A/A + A/A + a/a + a/a = A + 2Aa + a.

This represents the average result of the self-fertilisation of the hybrids when two differentiating characters are united in them. In solitary flowers and in solitary plants, however, the ratios in which the forms of the series are produced may suffer not inconsiderable fluctuations[41]. Apart from the fact that the numbers in which both sorts of egg cells occur in the seed vessels can only be regarded as equal on the average, it remains purely a matter of chance which of the two sorts of pollen may fertilise each separate egg cell. For this reason the separate values must necessarily be subject to fluctuations, and there are even extreme cases possible, as were described earlier in connection with the experiments on the form of the seed and the colour of the albumen. The true ratios of the numbers can only be ascertained by an average deduced from the sum of as many single values as possible; the greater the number the more are merely chance elements eliminated.
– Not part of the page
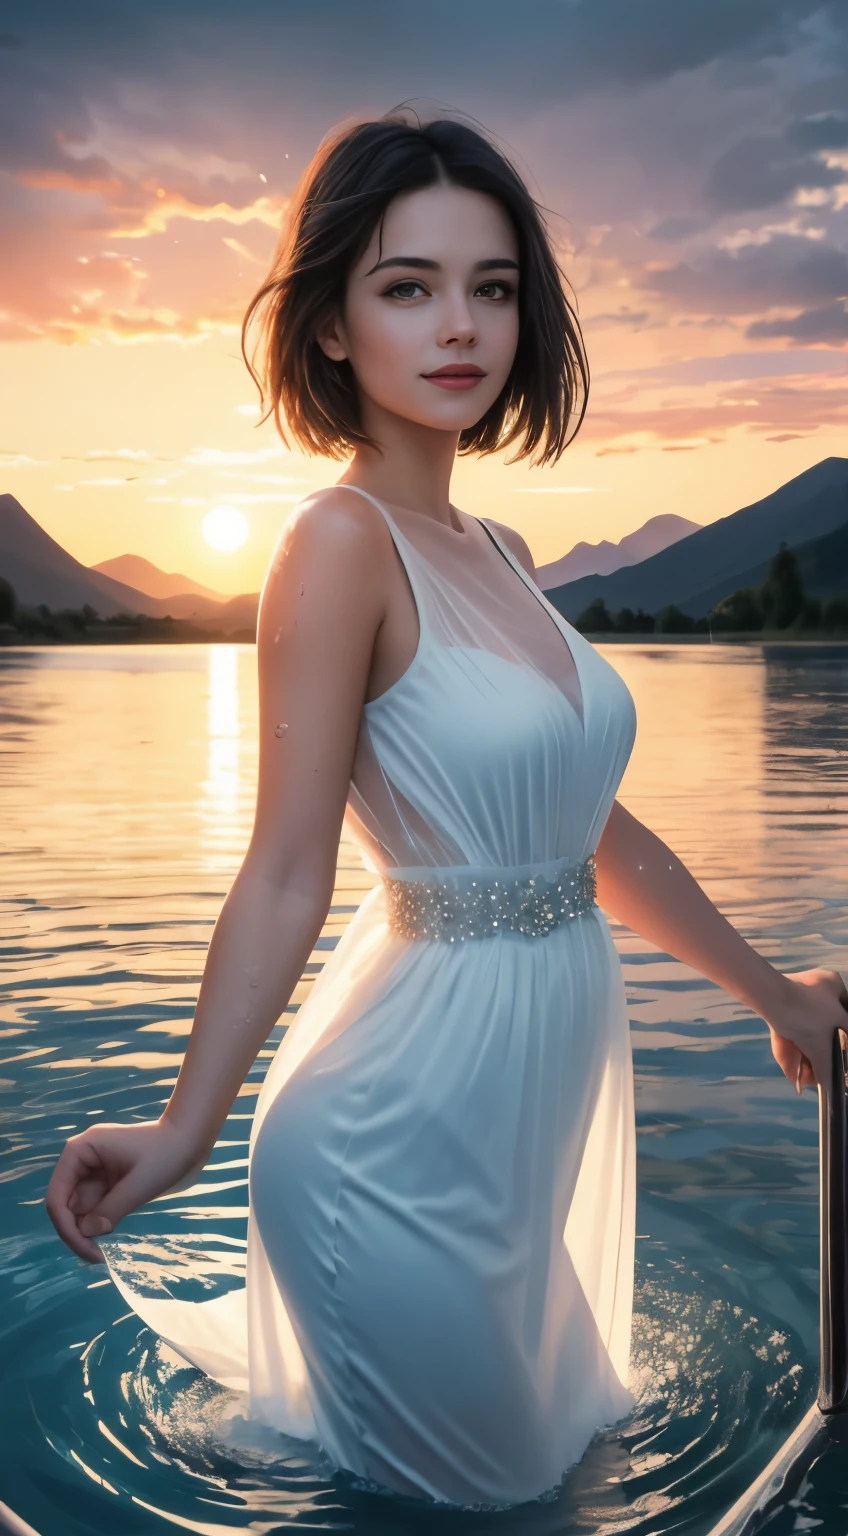 Masterpiece, Best Quality, Film Stills, 1girl, Big , Transparent Dress, Looking at the Audience, Skirt Wet, Swimming in the River, Mountains in the Distance, White Clouds, Bright, Happy, Warm Soft Lights, Sunset, Detailed Water Surface Ripples (Water Droplets: 0.7)

The developmental series for hybrids in which two kinds of differentiating characters are united contains among sixteen individuals nine different forms, viz., AB + Ab + aB + ab + 2ABb + 2aBb + 2AaB + 2Aab + 4AaBb. Between the differentiating characters of the original stocks Aa and Bb four constant combinations are possible, and consequently the hybrids produce the corresponding four forms of egg and pollen cells AB, Ab, aB, ab, and each of these will on the average figure four times in the fertilisation, since sixteen individuals are included in the series. Therefore the participators in the fertilisation are—

Pollen cells

AB + AB + AB + AB + Ab + Ab + Ab + Ab +

aB + aB + aB + aB + ab + ab + ab + ab.

Egg cells

AB + AB + AB + AB + Ab + Ab + Ab + Ab +

aB + aB + aB + aB + ab + ab + ab + ab.

In the process of fertilisation each pollen form unites on an average equally often with each egg cell form, so that each of the four pollen cells AB unites once with one of the forms of egg cell AB, Ab, aB, ab. In precisely the same way the rest of the pollen cells of the forms Ab, aB, ab unite with all the other egg cells. We obtain therefore—

AB/AB + AB/Ab + AB/aB + AB/ab + Ab/AB + Ab/Ab + Ab/aB + Ab/ab +
aB/AB + aB/Ab + aB/aB + aB/ab + ab/AB + ab/Ab + ab/aB + ab/ab,

or

AB + ABb + AaB + AaBb + ABb + Ab + AaBb + Aab +
AaB + AaBb + aB + aBb + AaBb + Aab + aBb + ab = AB +
Ab + aB + ab + 2ABb + 2aBb + 2AaB + 2Aab + 4AaBb[42].

In precisely similar fashion is the developmental series of hybrids exhibited when three kinds of differentiating characters are conjoined in them. The hybrids form eight various kinds of egg and pollen cells—ABC, ABc, AbC, Abc, aBC, aBc, abC, abc—and each pollen form unites itself again on the average once with each form of egg cell.

The law of combination of different characters which governs the development of the hybrids finds therefore its foundation and explanation in the principle enunciated, that the hybrids produce egg cells and pollen cells which in equal numbers represent all constant forms which result from the combinations of the characters brought together in fertilisation.